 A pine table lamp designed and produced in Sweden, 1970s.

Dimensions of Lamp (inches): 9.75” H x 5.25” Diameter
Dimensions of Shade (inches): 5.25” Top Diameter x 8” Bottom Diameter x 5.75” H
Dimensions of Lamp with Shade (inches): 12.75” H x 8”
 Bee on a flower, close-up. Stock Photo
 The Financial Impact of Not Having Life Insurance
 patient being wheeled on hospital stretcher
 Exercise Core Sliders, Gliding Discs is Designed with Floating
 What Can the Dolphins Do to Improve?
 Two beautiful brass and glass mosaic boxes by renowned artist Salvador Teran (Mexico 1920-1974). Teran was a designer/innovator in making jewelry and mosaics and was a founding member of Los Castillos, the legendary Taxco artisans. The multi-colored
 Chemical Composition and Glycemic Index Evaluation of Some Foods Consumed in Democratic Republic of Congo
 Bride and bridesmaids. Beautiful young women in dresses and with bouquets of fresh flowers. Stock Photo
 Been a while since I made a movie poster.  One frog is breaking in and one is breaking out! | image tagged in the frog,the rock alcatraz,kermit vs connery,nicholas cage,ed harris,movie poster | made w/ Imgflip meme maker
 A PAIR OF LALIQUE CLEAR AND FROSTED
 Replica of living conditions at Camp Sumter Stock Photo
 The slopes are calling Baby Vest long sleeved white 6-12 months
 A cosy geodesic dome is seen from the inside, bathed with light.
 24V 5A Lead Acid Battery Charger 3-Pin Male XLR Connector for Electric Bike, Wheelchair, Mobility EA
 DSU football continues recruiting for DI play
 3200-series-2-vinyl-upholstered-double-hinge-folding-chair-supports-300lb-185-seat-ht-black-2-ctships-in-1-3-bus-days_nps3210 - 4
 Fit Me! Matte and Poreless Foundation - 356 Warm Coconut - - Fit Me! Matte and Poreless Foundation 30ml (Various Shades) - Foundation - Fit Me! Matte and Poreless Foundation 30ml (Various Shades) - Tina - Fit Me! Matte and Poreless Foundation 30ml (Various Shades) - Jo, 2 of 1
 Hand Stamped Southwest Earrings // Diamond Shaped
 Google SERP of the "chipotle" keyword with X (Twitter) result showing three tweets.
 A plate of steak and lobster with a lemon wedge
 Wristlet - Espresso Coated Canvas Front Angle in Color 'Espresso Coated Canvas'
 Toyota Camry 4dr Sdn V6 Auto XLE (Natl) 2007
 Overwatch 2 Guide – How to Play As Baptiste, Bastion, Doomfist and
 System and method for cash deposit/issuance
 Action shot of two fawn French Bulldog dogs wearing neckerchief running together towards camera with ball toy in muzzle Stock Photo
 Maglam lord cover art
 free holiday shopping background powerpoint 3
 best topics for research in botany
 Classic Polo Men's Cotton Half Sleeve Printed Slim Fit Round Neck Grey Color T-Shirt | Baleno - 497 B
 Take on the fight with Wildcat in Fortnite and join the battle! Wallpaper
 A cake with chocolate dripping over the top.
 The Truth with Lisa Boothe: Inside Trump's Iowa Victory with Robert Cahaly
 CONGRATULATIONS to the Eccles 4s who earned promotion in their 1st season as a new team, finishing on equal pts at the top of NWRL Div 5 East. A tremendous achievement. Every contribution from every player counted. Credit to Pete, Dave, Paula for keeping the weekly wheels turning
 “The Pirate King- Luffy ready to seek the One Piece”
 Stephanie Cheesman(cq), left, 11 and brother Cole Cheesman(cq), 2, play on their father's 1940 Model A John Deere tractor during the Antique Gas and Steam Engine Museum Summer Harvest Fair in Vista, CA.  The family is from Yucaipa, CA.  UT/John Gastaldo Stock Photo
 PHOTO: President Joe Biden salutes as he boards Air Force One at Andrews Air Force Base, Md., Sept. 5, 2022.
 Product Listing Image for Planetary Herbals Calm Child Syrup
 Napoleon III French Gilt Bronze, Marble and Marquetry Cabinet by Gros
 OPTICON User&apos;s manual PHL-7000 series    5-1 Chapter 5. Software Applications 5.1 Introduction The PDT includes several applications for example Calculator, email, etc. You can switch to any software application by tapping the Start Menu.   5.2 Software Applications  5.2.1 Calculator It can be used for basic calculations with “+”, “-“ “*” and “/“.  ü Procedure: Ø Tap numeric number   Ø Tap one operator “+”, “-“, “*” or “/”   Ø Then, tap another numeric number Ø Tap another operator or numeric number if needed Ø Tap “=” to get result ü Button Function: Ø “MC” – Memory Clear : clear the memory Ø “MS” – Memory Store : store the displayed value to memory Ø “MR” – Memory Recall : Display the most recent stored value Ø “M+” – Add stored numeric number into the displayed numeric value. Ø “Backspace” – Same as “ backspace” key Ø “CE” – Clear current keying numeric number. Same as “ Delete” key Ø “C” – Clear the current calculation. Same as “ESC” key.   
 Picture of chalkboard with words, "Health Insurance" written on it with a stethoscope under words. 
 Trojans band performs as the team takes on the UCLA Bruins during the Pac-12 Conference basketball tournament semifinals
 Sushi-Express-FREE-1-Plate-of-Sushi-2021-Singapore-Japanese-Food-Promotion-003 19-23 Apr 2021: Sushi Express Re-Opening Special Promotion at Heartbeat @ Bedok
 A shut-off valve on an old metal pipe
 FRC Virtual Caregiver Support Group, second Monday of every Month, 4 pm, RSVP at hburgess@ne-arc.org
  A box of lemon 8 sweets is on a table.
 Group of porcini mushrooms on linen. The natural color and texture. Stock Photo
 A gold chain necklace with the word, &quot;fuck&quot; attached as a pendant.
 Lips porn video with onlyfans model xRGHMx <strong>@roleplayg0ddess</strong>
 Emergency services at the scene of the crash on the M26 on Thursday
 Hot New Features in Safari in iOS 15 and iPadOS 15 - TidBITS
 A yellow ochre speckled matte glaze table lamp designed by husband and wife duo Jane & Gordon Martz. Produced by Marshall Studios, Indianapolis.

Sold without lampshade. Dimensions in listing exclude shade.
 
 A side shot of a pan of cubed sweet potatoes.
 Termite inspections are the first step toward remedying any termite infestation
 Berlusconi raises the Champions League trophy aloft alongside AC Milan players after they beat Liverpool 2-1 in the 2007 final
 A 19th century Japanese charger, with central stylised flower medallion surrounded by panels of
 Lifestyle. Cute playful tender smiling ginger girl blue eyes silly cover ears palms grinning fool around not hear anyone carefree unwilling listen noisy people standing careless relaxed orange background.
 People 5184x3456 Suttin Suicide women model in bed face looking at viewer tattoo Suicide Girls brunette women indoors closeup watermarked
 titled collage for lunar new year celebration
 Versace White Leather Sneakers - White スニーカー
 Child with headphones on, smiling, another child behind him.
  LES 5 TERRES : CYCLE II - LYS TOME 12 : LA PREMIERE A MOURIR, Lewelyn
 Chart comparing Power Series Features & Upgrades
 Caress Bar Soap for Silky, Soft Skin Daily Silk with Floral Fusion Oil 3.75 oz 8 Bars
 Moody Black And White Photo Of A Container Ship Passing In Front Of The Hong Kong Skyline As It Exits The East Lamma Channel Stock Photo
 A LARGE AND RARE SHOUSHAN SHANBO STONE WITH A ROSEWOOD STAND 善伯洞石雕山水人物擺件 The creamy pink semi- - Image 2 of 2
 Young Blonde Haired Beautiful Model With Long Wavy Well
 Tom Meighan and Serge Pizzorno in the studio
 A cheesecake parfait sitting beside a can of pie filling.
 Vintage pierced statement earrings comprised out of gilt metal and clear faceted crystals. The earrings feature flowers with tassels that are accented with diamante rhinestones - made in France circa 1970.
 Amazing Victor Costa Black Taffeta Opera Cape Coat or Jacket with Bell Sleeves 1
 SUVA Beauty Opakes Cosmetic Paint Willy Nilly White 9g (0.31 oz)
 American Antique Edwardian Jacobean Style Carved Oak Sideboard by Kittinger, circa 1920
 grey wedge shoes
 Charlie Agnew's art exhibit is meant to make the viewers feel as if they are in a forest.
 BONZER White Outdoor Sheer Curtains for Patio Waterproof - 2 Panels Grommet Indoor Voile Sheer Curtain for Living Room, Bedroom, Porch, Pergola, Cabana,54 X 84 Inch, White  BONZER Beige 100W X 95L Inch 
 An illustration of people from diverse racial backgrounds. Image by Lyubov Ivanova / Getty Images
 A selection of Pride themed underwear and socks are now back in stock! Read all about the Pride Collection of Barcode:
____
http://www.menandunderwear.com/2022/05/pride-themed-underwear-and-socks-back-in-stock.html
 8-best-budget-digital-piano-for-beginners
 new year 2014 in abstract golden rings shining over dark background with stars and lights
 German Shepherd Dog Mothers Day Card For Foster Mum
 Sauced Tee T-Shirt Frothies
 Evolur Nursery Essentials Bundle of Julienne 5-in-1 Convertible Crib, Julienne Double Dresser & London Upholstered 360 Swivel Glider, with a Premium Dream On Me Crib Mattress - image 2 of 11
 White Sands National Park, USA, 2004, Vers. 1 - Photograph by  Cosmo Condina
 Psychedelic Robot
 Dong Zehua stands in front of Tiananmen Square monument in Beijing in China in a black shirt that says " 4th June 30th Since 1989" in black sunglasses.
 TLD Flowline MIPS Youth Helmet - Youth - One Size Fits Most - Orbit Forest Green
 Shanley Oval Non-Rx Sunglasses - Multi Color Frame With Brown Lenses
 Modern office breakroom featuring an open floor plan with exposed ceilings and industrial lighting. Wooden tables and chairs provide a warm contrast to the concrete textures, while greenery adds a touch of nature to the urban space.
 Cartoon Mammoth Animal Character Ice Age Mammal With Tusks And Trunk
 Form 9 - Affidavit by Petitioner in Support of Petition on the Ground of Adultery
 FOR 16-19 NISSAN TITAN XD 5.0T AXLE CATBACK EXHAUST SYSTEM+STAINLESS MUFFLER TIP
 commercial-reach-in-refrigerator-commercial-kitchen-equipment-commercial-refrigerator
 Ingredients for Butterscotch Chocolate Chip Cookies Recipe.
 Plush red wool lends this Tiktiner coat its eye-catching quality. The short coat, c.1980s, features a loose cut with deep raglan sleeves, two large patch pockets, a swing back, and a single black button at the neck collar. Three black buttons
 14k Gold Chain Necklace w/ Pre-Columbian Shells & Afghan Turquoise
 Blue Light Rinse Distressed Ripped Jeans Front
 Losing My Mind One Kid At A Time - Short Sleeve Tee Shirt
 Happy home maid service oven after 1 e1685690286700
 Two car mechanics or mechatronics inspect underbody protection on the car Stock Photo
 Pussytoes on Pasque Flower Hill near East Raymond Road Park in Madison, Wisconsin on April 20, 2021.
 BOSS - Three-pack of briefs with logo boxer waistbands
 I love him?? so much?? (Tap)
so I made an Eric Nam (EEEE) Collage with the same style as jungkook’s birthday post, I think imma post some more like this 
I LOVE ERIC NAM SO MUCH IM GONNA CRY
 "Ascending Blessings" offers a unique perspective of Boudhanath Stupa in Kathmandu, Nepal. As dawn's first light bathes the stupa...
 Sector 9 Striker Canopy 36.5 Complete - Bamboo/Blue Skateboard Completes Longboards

________________

Out of the data above, transcribe exactly and only the lines starting with the line that has "Berlusconi raises the" and going on through the line that has "A cheesecake parfait", both included.

 Berlusconi raises the Champions League trophy aloft alongside AC Milan players after they beat Liverpool 2-1 in the 2007 final
 A 19th century Japanese charger, with central stylised flower medallion surrounded by panels of
 Lifestyle. Cute playful tender smiling ginger girl blue eyes silly cover ears palms grinning fool around not hear anyone carefree unwilling listen noisy people standing careless relaxed orange background.
 People 5184x3456 Suttin Suicide women model in bed face looking at viewer tattoo Suicide Girls brunette women indoors closeup watermarked
 titled collage for lunar new year celebration
 Versace White Leather Sneakers - White スニーカー
 Child with headphones on, smiling, another child behind him.
  LES 5 TERRES : CYCLE II - LYS TOME 12 : LA PREMIERE A MOURIR, Lewelyn
 Chart comparing Power Series Features & Upgrades
 Caress Bar Soap for Silky, Soft Skin Daily Silk with Floral Fusion Oil 3.75 oz 8 Bars
 Moody Black And White Photo Of A Container Ship Passing In Front Of The Hong Kong Skyline As It Exits The East Lamma Channel Stock Photo
 A LARGE AND RARE SHOUSHAN SHANBO STONE WITH A ROSEWOOD STAND 善伯洞石雕山水人物擺件 The creamy pink semi- - Image 2 of 2
 Young Blonde Haired Beautiful Model With Long Wavy Well
 Tom Meighan and Serge Pizzorno in the studio
 A cheesecake parfait sitting beside a can of pie filling.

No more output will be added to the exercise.